American philanthropist

Alfred Corning Clark I (November 14, 1844 - April 8, 1896) was an American philanthropist and patron of the arts.

==Early life==
He was the son of Edward Cabot Clark (1811-1882) and Caroline (née Jordan) Clark (1815–1874). His father made a fortune as the partner of Isaac Singer in the Singer Sewing Machine Company, invested it in Manhattan, New York City real estate, and left a $25,000,000 (approximately $ today) estate at his death.

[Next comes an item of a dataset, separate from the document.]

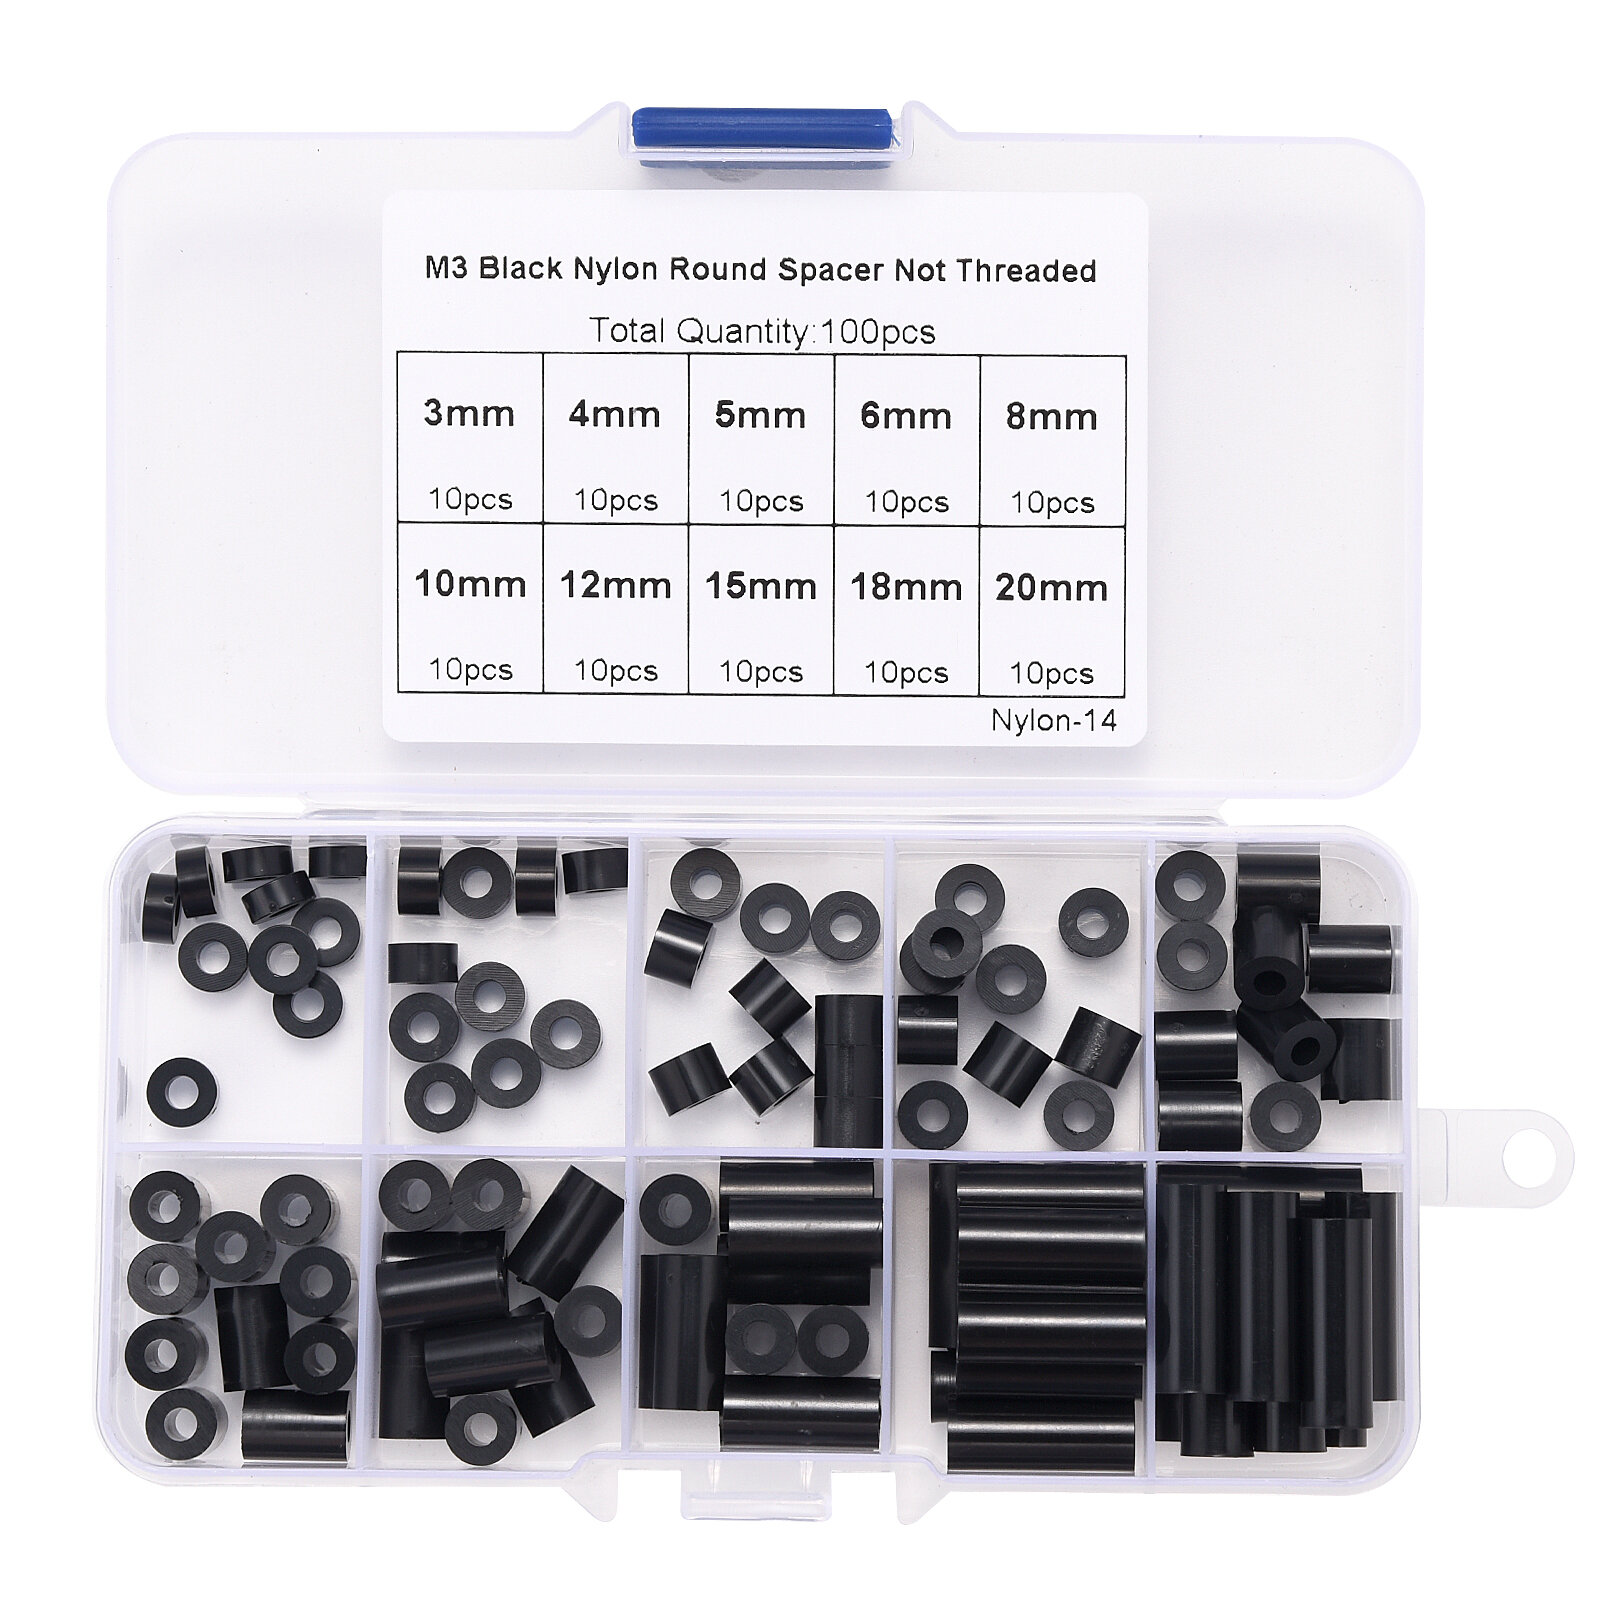 100pcs M3 Nylon Round ABS Metric Spacer Insulation Plastic Standoff Not Threaded for Screw Assortment Kit Set

Clark's maternal grandfather was Ambrose L. Jordan, a New York State Senator who served as the New York State Attorney General.

==Personal life==
On October 20, 1869, Clark married Elizabeth Scriven (1848-1909), the daughter of George Scriven and Ellen Rattan Scriven of Brooklyn, New York. Her parents had emigrated from Great Britain, and the wedding took place at Withecombe in Manor of Raleigh, Pilton, Devon, England. Alfred and Elizabeth Clark were the parents of four sons:

- Edward Severin Clark (1870–1933)
- Robert Sterling Clark (1877–1956)
- Frederick Ambrose Clark (1880–1964)
- Stephen Carlton Clark (1882–1960)

Clark maintained three residences in Manhattan: a city house at 7 West 22nd Street for his family, a nearby flat at 64 West 22nd Street for guests, and a large apartment in The Dakota overlooking Central Park for entertaining. Clark's father built The Dakota (1880–84), but died during its construction. Edward Cabot Clark bequeathed the building to his 12-year-old grandson and namesake, Edward Severin Clark.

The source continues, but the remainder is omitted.